** TASK DETAILS **
Given the material below, output exactly the lines from the line with "D-Link DES-7200 manual" to the line with "小室圭氏の代理人より届いた文", both ends included, and no other lines.

___ RECORDED INFORMATION ___

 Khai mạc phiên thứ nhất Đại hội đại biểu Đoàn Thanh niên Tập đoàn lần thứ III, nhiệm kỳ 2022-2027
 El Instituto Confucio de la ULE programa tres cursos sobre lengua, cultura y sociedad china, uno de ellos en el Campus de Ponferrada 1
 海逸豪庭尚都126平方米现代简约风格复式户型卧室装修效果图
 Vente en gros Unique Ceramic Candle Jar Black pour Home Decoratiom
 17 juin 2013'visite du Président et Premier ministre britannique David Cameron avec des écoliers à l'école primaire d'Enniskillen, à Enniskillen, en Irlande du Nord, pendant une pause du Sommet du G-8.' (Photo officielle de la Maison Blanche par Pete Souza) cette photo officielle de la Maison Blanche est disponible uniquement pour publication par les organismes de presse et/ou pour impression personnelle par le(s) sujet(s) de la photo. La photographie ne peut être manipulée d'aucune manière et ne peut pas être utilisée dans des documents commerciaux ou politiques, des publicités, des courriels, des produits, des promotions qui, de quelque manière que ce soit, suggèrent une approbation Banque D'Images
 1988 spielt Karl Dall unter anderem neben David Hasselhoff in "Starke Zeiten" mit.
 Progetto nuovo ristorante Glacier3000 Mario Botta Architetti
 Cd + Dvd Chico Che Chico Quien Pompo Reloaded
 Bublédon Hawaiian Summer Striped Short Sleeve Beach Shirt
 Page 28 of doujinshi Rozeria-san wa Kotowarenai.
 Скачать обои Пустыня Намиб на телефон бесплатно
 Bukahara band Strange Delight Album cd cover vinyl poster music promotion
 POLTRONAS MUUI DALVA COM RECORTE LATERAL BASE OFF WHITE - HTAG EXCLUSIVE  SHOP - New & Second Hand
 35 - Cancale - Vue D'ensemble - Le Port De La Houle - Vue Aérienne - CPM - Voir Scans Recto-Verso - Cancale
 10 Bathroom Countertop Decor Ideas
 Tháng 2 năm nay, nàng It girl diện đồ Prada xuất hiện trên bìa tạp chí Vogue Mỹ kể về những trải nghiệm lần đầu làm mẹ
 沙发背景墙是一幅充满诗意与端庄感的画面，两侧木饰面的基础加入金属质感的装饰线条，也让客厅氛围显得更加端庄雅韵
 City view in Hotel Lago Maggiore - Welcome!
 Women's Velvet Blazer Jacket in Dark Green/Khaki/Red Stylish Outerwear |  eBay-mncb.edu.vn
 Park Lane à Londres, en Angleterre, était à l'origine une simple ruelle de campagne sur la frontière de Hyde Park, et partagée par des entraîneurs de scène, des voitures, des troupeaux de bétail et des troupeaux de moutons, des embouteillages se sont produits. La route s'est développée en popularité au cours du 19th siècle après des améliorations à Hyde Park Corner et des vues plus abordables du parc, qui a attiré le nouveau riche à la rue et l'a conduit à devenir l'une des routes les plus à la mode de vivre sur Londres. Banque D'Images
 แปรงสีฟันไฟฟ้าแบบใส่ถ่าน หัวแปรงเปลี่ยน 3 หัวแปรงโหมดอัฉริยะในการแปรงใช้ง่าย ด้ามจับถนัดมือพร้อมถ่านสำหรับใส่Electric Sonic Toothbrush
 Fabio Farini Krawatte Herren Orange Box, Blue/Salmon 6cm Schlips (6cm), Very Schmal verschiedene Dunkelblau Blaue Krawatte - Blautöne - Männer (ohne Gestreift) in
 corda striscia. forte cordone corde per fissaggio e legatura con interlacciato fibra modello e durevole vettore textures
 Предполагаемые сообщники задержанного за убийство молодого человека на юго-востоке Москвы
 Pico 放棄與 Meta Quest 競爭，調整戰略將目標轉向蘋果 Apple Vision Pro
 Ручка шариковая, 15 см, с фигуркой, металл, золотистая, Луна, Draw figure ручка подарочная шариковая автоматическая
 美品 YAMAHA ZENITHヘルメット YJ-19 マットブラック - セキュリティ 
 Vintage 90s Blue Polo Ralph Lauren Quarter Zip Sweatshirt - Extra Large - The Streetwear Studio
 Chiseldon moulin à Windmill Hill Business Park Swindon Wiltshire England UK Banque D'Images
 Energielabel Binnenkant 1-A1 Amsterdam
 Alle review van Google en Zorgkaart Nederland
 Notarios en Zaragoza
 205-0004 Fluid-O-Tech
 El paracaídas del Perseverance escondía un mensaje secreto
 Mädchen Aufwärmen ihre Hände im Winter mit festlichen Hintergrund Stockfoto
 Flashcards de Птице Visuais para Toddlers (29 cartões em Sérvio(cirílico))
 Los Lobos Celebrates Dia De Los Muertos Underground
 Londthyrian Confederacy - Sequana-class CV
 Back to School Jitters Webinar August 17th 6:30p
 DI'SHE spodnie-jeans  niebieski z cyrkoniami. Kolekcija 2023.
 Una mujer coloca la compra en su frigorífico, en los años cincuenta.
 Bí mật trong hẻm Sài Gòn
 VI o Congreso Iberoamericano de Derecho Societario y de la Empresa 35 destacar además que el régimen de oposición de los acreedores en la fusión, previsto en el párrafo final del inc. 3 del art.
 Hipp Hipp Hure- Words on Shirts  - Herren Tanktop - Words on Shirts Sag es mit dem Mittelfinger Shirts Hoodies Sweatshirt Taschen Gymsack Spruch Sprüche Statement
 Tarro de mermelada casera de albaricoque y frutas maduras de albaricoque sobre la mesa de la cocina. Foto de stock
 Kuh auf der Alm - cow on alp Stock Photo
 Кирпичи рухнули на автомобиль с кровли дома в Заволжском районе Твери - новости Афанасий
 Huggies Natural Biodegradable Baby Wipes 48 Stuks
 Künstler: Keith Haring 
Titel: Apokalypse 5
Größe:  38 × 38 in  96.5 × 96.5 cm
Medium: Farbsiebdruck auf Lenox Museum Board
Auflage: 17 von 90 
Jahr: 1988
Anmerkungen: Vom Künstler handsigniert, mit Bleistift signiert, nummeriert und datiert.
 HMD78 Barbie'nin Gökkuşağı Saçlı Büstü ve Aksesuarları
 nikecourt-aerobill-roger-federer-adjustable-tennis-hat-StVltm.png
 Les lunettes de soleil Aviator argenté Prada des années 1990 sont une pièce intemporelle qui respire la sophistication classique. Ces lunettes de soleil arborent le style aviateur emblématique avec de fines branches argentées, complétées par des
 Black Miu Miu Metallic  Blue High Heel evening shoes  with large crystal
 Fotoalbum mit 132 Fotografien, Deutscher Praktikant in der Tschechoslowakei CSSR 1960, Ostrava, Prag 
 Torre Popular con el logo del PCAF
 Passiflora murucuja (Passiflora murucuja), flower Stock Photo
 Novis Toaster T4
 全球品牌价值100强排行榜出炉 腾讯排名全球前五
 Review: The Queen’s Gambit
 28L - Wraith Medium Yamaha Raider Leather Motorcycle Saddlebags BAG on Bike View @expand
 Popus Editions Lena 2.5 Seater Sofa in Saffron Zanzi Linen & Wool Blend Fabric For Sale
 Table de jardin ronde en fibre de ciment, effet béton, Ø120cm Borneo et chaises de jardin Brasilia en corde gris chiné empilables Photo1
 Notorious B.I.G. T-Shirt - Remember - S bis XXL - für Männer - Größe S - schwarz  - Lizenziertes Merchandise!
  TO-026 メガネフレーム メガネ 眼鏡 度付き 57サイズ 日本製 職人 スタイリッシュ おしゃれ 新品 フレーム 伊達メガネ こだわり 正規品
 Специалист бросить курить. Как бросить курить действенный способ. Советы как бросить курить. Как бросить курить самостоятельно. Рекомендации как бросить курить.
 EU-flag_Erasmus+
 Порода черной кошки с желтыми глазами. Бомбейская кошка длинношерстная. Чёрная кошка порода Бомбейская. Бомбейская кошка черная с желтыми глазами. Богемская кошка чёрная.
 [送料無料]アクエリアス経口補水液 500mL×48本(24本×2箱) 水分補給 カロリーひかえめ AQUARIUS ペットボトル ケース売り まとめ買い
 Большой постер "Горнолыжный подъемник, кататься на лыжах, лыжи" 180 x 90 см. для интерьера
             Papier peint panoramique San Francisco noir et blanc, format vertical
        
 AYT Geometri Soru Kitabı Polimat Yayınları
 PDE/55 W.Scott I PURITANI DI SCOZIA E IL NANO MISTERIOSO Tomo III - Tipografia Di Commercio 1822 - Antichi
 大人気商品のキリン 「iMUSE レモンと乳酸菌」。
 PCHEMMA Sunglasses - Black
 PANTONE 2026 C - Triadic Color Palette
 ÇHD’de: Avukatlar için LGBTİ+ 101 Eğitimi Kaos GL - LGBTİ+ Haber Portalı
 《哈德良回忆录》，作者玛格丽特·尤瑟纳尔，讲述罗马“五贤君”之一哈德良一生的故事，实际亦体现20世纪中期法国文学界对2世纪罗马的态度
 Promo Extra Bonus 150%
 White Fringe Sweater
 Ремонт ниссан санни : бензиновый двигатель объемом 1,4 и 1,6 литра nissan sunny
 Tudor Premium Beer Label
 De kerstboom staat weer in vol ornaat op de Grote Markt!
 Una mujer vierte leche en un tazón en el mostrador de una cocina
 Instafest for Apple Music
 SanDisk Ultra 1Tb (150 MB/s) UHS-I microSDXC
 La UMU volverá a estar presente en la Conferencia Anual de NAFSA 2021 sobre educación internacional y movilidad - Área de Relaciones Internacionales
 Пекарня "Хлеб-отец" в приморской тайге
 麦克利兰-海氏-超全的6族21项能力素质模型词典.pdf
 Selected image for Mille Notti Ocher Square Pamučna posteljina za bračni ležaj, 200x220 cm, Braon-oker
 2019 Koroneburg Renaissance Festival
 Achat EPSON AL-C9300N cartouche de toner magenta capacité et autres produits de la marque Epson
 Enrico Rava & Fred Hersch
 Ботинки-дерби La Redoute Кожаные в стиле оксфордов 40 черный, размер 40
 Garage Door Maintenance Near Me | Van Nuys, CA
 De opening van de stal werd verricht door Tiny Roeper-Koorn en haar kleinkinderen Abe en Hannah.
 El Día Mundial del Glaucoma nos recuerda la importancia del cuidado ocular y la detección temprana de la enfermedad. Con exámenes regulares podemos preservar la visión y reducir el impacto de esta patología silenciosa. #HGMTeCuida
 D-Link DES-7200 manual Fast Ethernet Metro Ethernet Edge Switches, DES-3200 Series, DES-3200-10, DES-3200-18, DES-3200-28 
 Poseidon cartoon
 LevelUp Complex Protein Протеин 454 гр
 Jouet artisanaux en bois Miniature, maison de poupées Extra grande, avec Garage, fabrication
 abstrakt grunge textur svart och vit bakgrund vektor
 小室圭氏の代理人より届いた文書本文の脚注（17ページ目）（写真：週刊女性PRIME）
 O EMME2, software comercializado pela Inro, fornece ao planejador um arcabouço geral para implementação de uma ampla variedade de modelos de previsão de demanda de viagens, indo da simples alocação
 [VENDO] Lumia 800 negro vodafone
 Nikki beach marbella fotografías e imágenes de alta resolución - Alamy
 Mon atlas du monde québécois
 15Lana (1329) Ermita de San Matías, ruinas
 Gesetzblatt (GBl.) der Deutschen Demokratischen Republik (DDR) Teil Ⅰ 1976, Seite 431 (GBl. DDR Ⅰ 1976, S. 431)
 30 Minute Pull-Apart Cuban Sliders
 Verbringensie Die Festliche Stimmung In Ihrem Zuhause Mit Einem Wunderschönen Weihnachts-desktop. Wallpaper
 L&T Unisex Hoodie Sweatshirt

___

** RESULT **
 D-Link DES-7200 manual Fast Ethernet Metro Ethernet Edge Switches, DES-3200 Series, DES-3200-10, DES-3200-18, DES-3200-28 
 Poseidon cartoon
 LevelUp Complex Protein Протеин 454 гр
 Jouet artisanaux en bois Miniature, maison de poupées Extra grande, avec Garage, fabrication
 abstrakt grunge textur svart och vit bakgrund vektor
 小室圭氏の代理人より届いた文書本文の脚注（17ページ目）（写真：週刊女性PRIME）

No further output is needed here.